Dick “Richie” Allen. What a legendary player and character.

Too bad it was such a bad decade. No postseason.

by Urban Pawnee on Jun 11, 2008 9:05 AM EDT   0 recs

Simba. Period. Was sad to see him go. What a team that ‘82 one could have been had they kept him and Rollie Fingers.

Oh, wait! That team won the World Series anyway; my bad! ;)

by philbobilbo on Jun 11, 2008 10:04 AM EDT   0 recs

And, had they kept...

Pete Vukovich.
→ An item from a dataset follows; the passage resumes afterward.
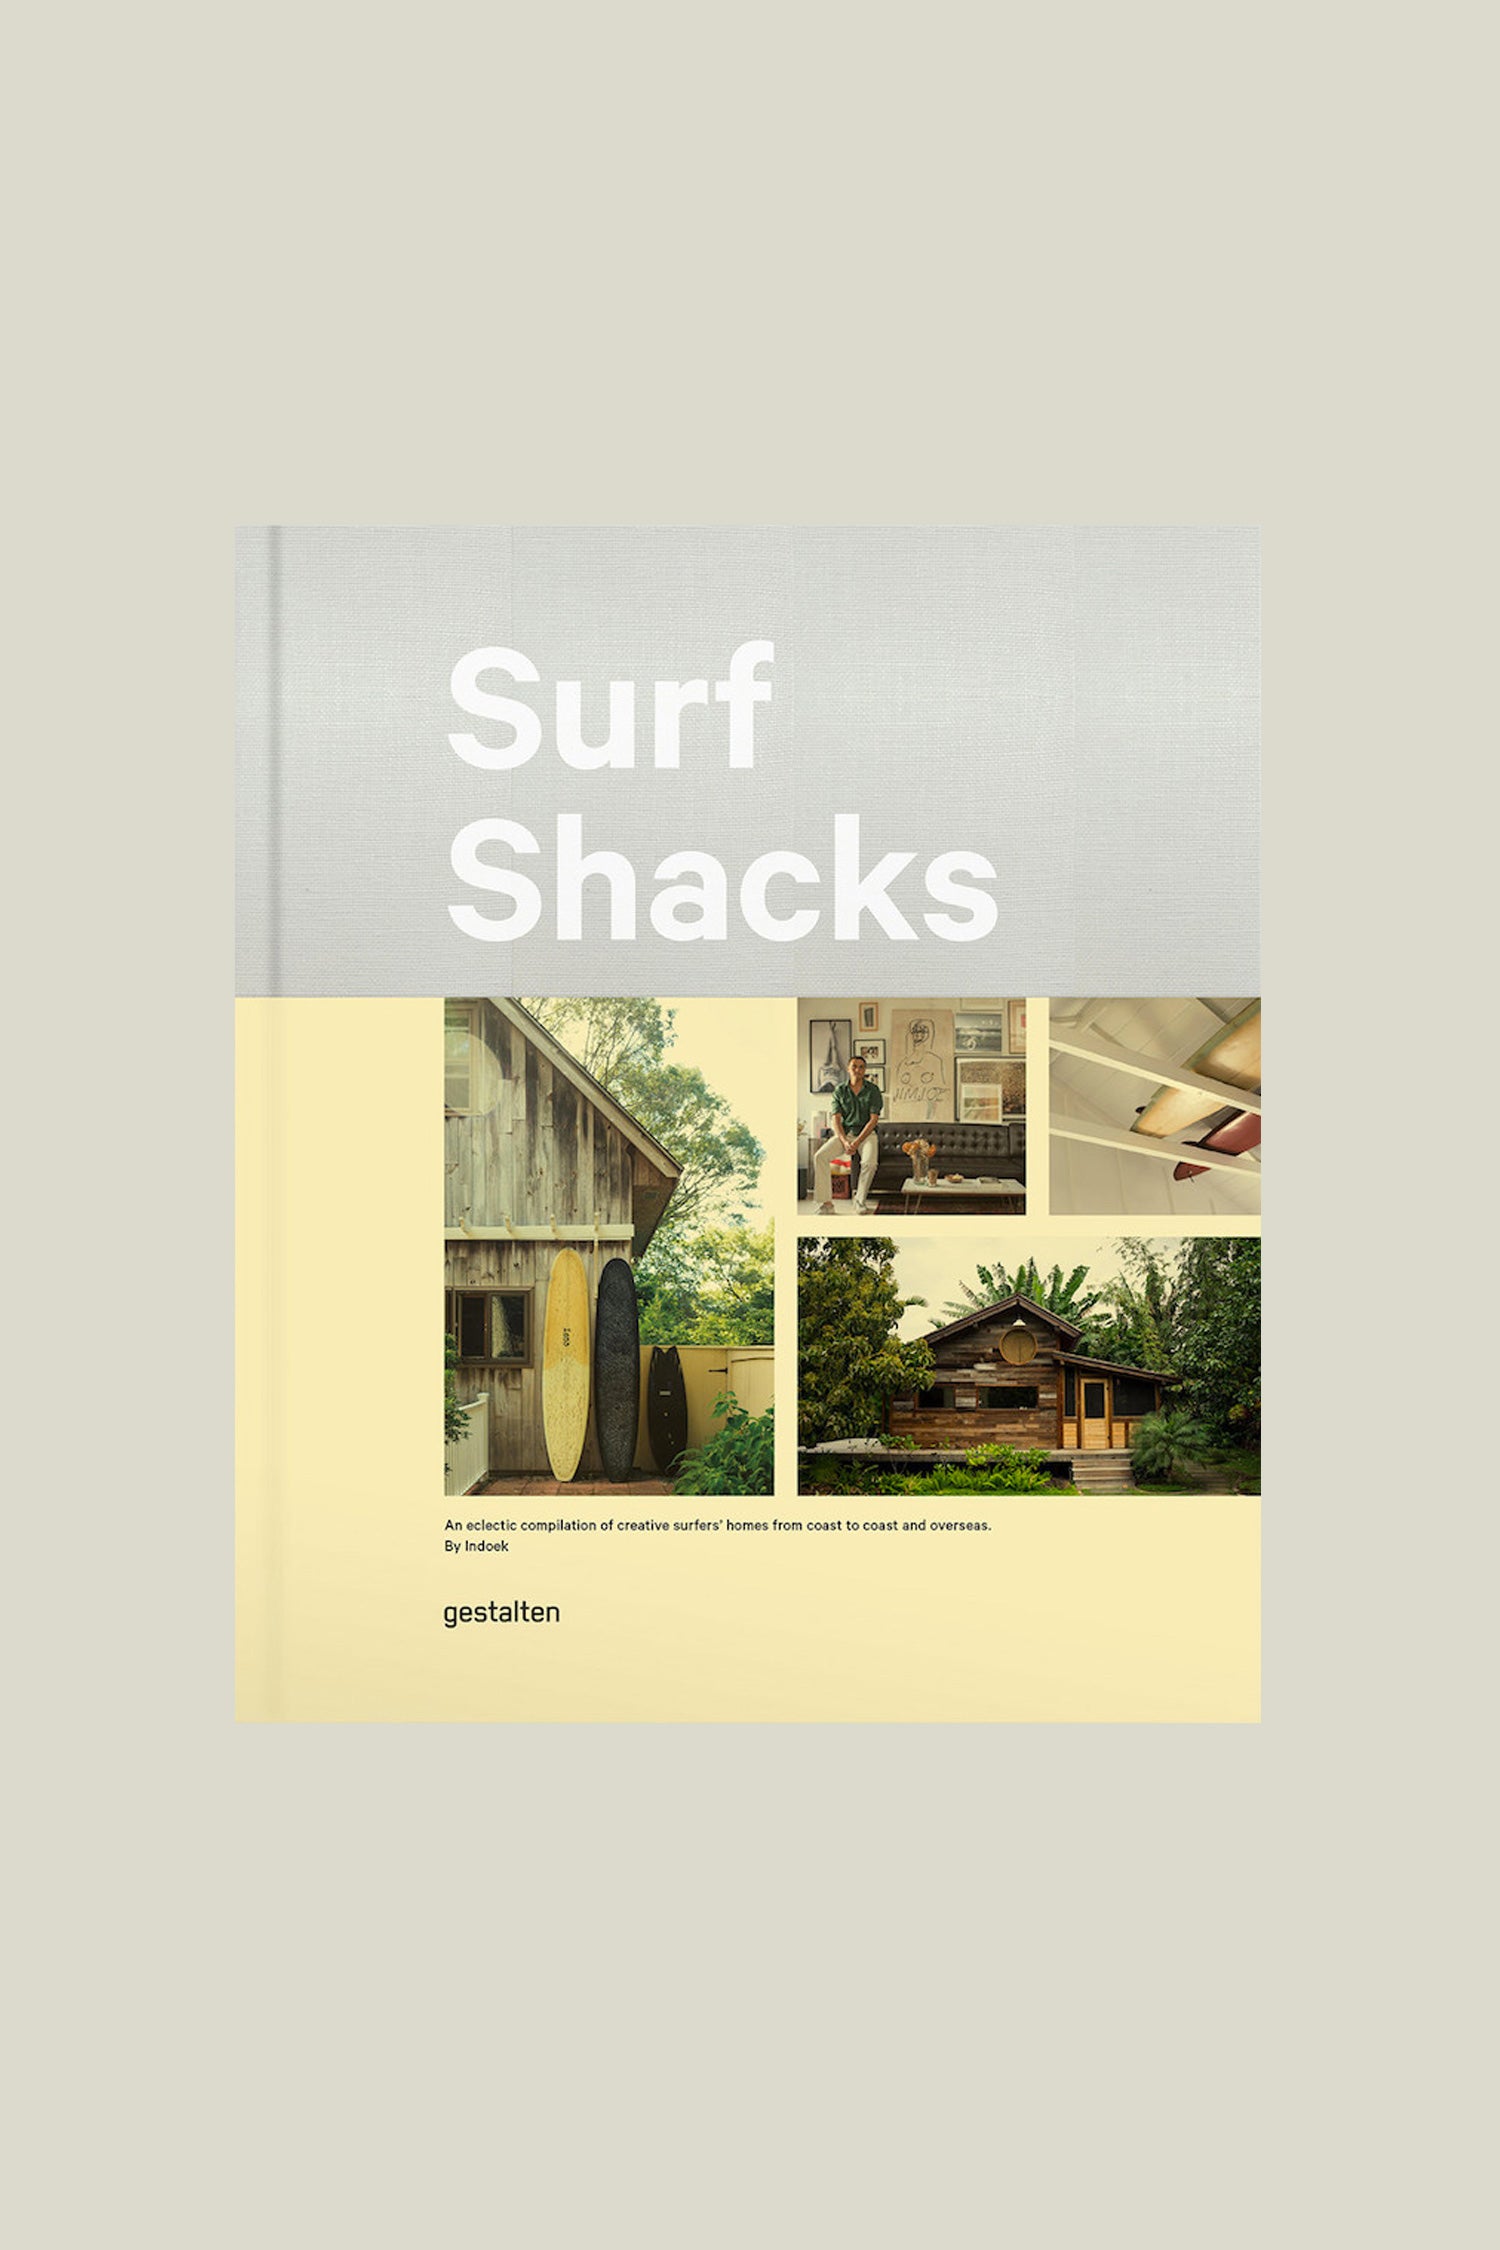 Surf Shacks Vol.1

Almost forgot.

by philbobilbo on Jun 11, 2008 10:08 AM EDT to parent up   0 recs

Simba

Future hall of famer Ted Simmons.

by BB20 on Jun 11, 2008 10:46 AM EDT   0 recs

While Brock and Gibson

played into the ‘70s, I still remember them best from those great ‘60s teams.

Simba played the entire decade (plus 1980) for the Birds; 1564 games, 1704 hits, 332 doubles, 37 triples, 172 home runs (in a big ballpark and a “depressed” HR era), and 929 RBI. He hit .298 for the Cardinals, slugging .439, and with an OPS of .805 and a 21-year career OPS+ (counting his years with Milwaukee and Atlanta) of 117.

A six-time All-Star with the Birds… quoting his Baseball Reference page:

The Mighty Simba! More RBIs than Bench, more runs than Carter, more hits than Berra or Fisk. When will the Hall call THIS catcher?!

Alas, not until the Veterans Committee gets the chance. How Simmons failed to get enough votes to stay on the Hall ballot for longer than one stinkin’ year is beyond me!

"In this game, don't nobody know nuthin' about nuthin'." -- attributed to Lawrence Peter "Yogi" Berra

by The Ol Goaler on Jun 11, 2008 11:19 AM EDT   0 recs

Simba

and it isn’t even close, even with Brock and Gibson on the premises…imagine my outrage every year when Ted would have to back up Johnny Bench and Manny Sanguillen in the All Star Game, IF he even made the team…outrageous

by tbell61 on Jun 11, 2008 11:57 AM EDT   0 recs

Props also to Joe Torre...

for that magical 1971 season: .363/.421/.555, with 230 hits and 137 RBI’s…wow!

by tbell61 on Jun 11, 2008 12:07 PM EDT   0 recs

Gotta go with Brock,

though I loved Simba and I certainly understand why he would be the choice of so many. But for purely emotional attachment, Lou was just the essence of Cardinal baseball to me. And I really dug the fur coats, the Stutz Bearcat and the intro music from SuperFly that Lou brought along with him.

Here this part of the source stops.